= Data for analysis =

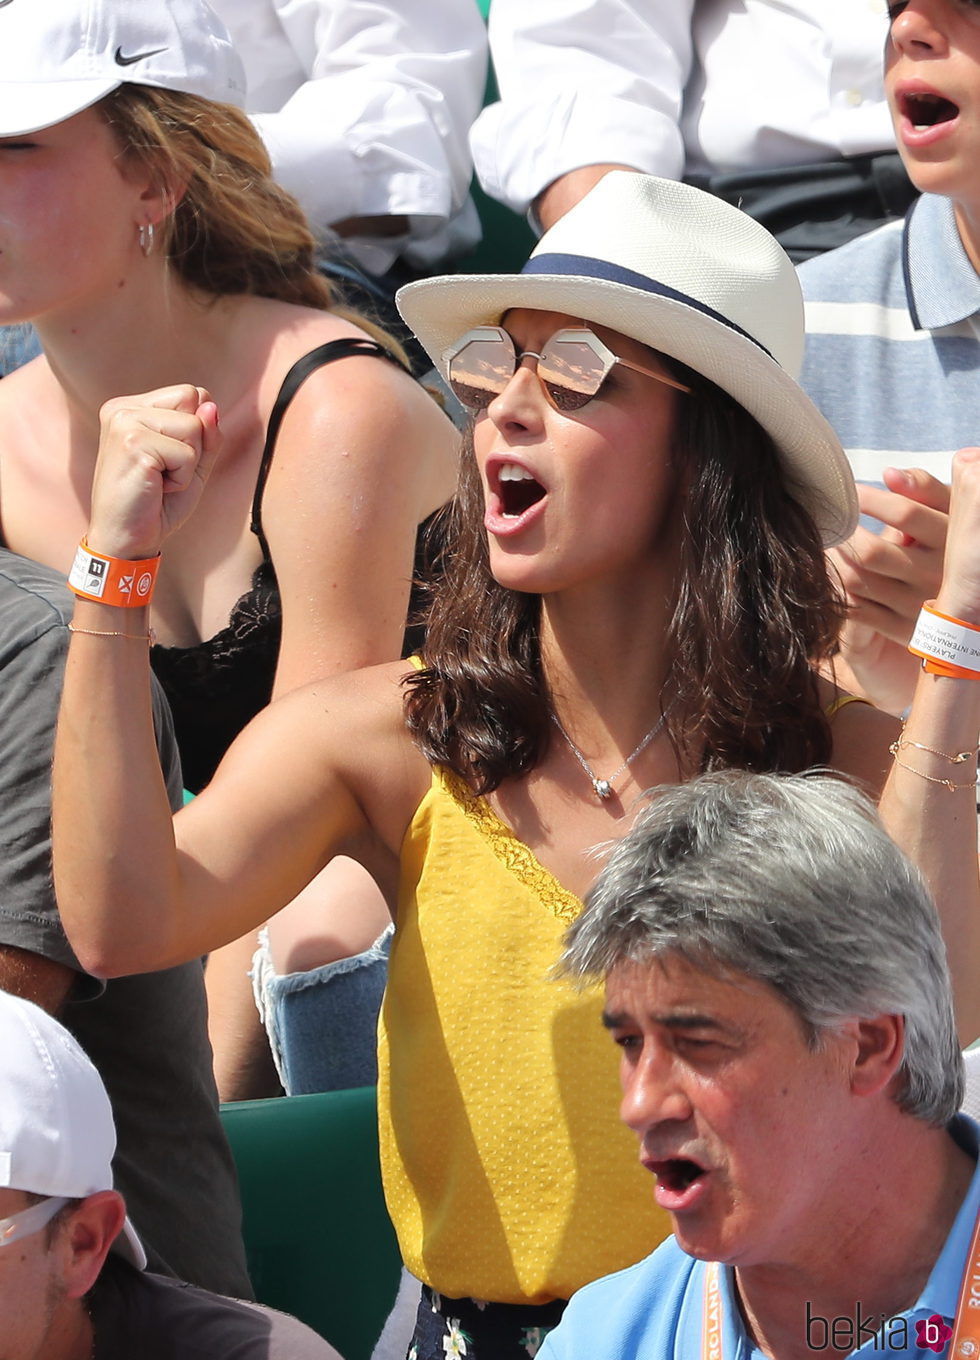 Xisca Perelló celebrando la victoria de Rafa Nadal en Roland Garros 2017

==

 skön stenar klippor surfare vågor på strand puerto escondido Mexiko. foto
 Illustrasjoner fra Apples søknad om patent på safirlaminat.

==

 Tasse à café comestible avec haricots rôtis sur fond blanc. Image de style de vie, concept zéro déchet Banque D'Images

= Instructions for the task =
Scan the lines above for "skön stenar klippor" and for "Illustrasjoner fra Apples". Repeat exactly the line holding each of them and every line in between.

= Task output =
 skön stenar klippor surfare vågor på strand puerto escondido Mexiko. foto
 Illustrasjoner fra Apples søknad om patent på safirlaminat.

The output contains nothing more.